# What are you thankful for today?



## Judy (Dec 12, 2005)

I am thankful for my family and friends, my health, that I have a job to go to every day and a roof over my head at night. I am thankful for all who serve for my country so I can sleep peacefully at night. I am thankful for my forum friends, who make me laugh and cry and help to guide others. I am also thankful for three wonderful woman: Leisa Boysen, Jodi Preis and Judy Schreiber, who spend their days working so hard to fight BSL for all of us. Have a wonderful Thanksgiving. :cheers:


----------



## redog (Oct 14, 2005)

I am most thankfull for my wifes patience and the love from my kids. Oh yeah, and Pantera. she cracks me up


----------



## OldFortKennels (Mar 10, 2006)

FIrst and foremost I am thankfull for God as my Lord and Saviour.
Secone my family, wife and kids.
My job, I love it.

and last but not least

IM THANKFULL THAT I STILL HAVE THE RIGHT TO OWN MY DOG OF CHOICE IN THIS DIMINISHING LAND OF THE FREE!!!!


----------



## MY MIKADO (Apr 7, 2006)

I'm thankfull for my family and friends(you guys). I'm thankfull for my freedom and that my dad served in WWII to help to give me these rights. That my parents raised me to have a open mind and not to judge others unless I have lived their life. I'm thankfull that I have my job I love it. My son he means the world to me. I'm really thankfull that I had such a great relationship with my parents and that I had them for as long as I did. RIP MAMA and DADDY.up:


----------



## smokey_joe (Oct 14, 2005)

I'm thankful that I have today. Might not have tomorrow.


----------



## TheGingerBreadman (Sep 1, 2006)

Life!!!!!!!!


----------



## Midwest Bully (May 10, 2006)

I am thankfull for everything.
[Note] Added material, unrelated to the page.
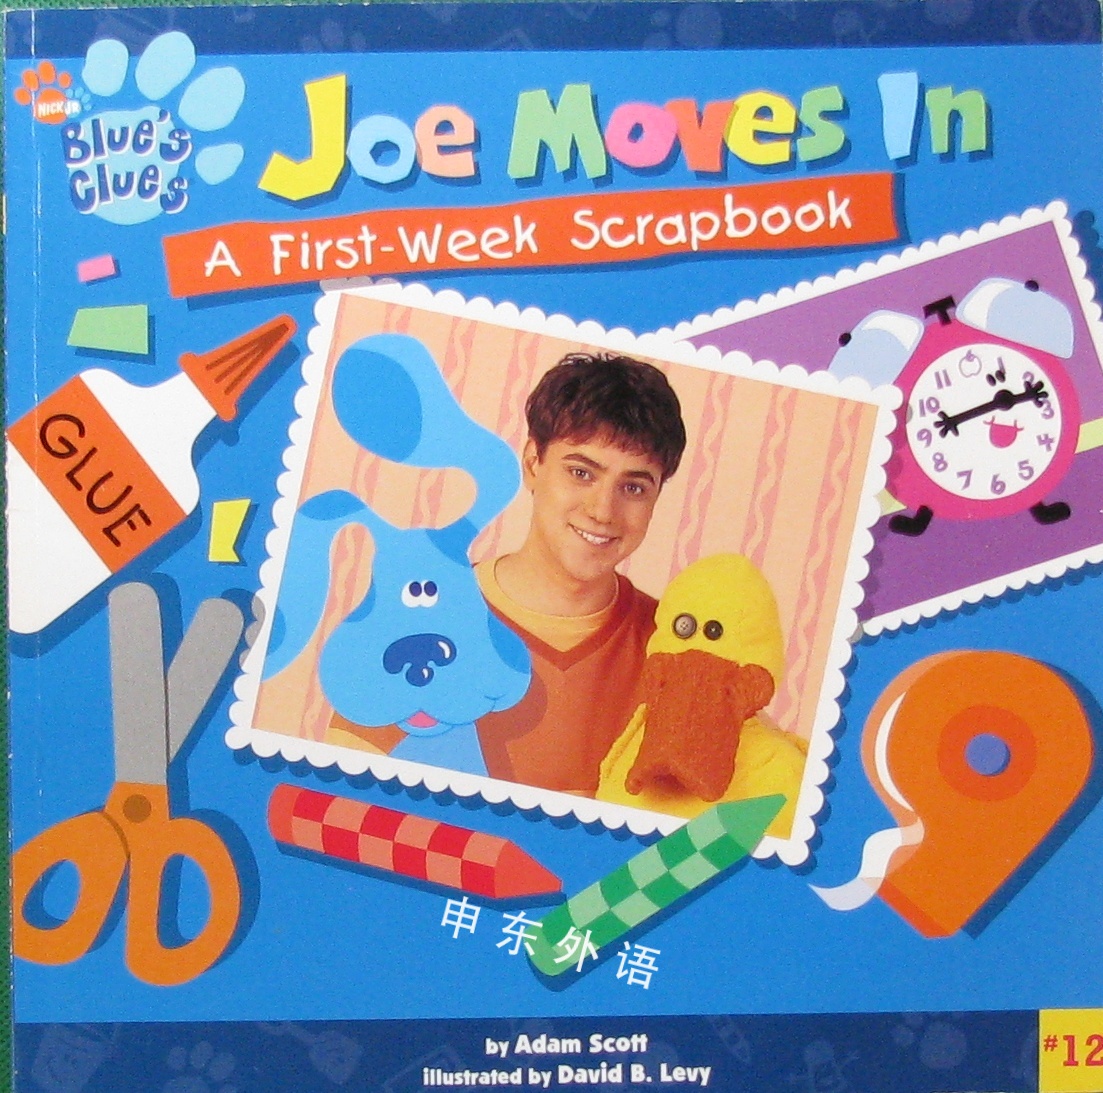 Joe Moves In Blues Clues 幽默 基本概念 儿童图书 进口图书 进口书 原版书 绘本书 英文 原版图书 儿童纸板书 外语图书 进口儿童书 原版儿童书

I thank God everyday for blessing me with with the friends and family that love me, i'm thankfull for my daughter(I couldn't asked for a better kid  ), for putting food on the table, my job, protecting me, and and giving me everything i need to live.


----------



## pantera2006 (Feb 25, 2006)

Im thankfull for not being dead yet!!! The world is MESSED up and too much  goes on!!!! 
My kids and family
my friends
and my dogs and other pets!!
And of course.. GO PITBULL.....:cheers:


----------